Singapore Law and Home Affairs Minister K Shanmugam, who was in the Lombok town of Mataram at the time of the quake, wrote on Facebook that his 10th-floor hotel room shook violently and walls cracked.
“It was quite impossible to stand up. Heard screams,” he wrote.
“Came out, and made my way down a staircase, while building was still shaking. Power went out for a while. Lots of cracks, fallen doors.”
Video showed screaming people running in panic from houses in a Bali neighbourhood, and vehicles rocking.
On Lombok, soldiers and other rescuers carried injured people on stretchers and carpets to an evacuation centre.
Authorities shared footage of locals being evacuated from the Gili Islands by boat.
“I was watching TV when I felt a big shake,” said Harian, a Lombok woman who uses one name.
“The lamp was shaking and people were shouting, ‘Get out’. I ran out into the dark because the power cut off.”
The quake was felt for several seconds in Bali, where people ran out of houses, hotels and restaurants.
“All the hotel guests were running so I did too. People filled the streets,” said Michelle Lindsay, an Australian tourist.
“A lot of officials were urging people not to panic.”
Najmul Akhyar, district chief of North Lombok, told MetroTV there was an electrical blackout so he was unable to assess the entire situation, but that at least three people had been killed.
Iwan Asmara, a Lombok disaster official, said people poured out of their homes in panic to move to higher ground, particularly in North Lombok and Mataram, the capital of West Nusa Tenggara province, which includes Lombok.
Lombok and Bali airports affected
The Bali and Lombok airports continued operating on Sunday night, according to the director general of civil aviation.
There had been a half-hour evacuation at the Lombok airport following the quake because the electricity went off.
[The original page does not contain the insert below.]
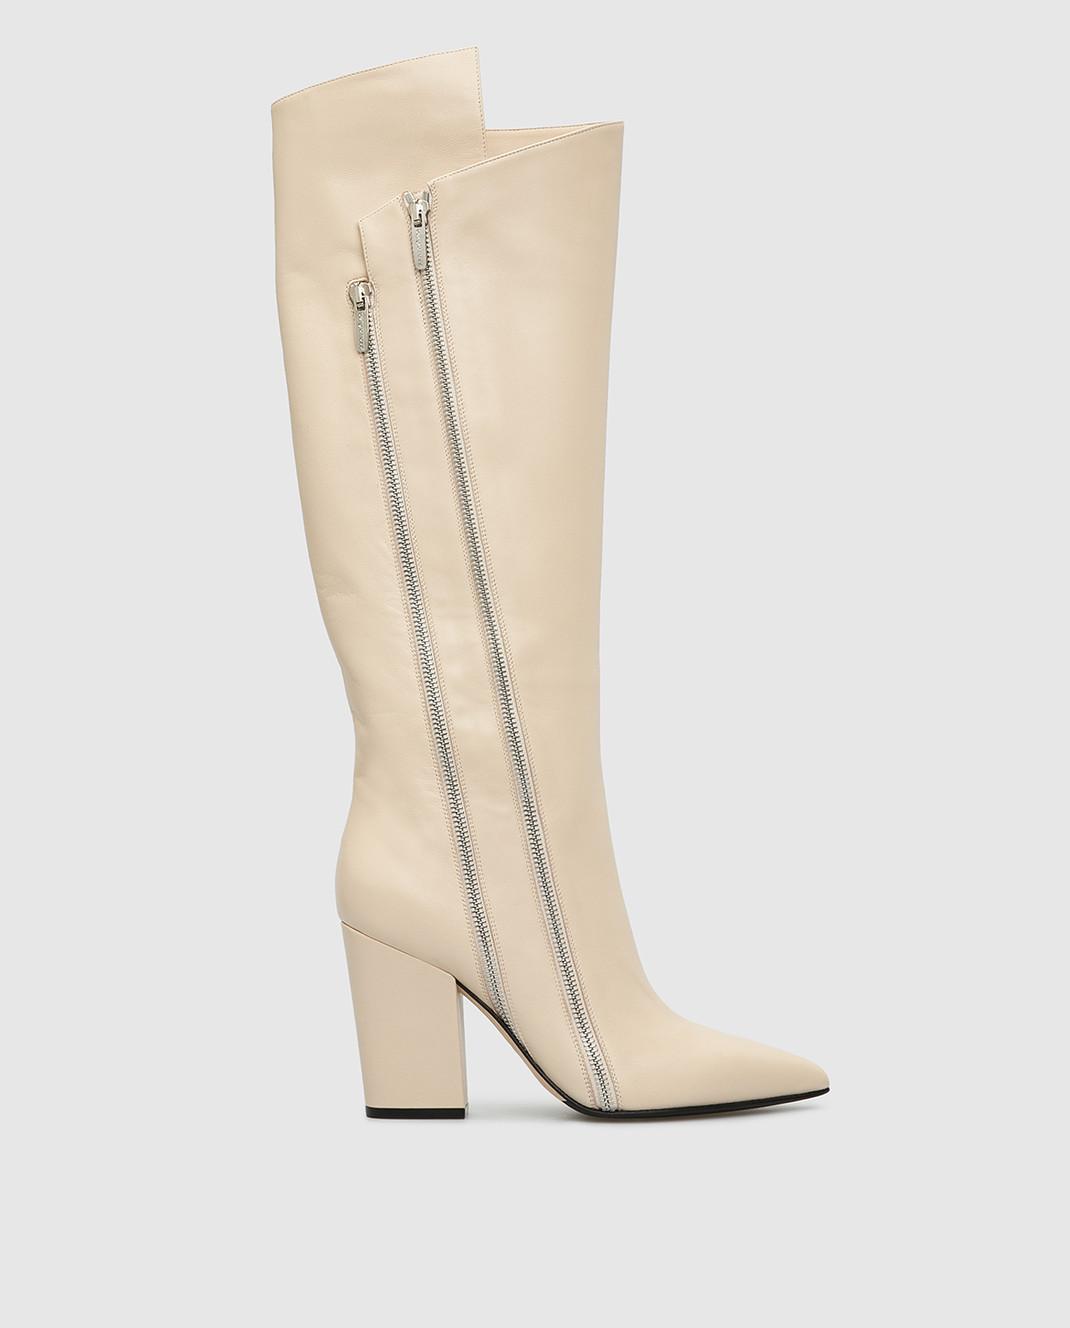 Sergio Rossi Светло-бежевые кожаные сапоги изображение 1

TV showed crying women consoling each other outside the airport.
There was also minor damage at Bali airport, with roof tiles dislodged, according to the Jakarta Post.
Flights to and from Bali and Lombok airports were running to schedule this morning.
Two quakes in a week
A magnitude 6.4 quake hit Lombok on July 29, killing 17 people.
Like Bali, Lombok is known for pristine beaches and mountains. Hotels and other buildings in both locations are not allowed to exceed the height of coconut palms.
Indonesia is prone to earthquakes due to its location on the Pacific “Ring of Fire”, an arc of volcanoes and fault lines in the Pacific Basin.
In December 2004, a massive, magnitude-9.1 earthquake off Sumatra island triggered a tsunami that killed 230,000 people in a dozen countries.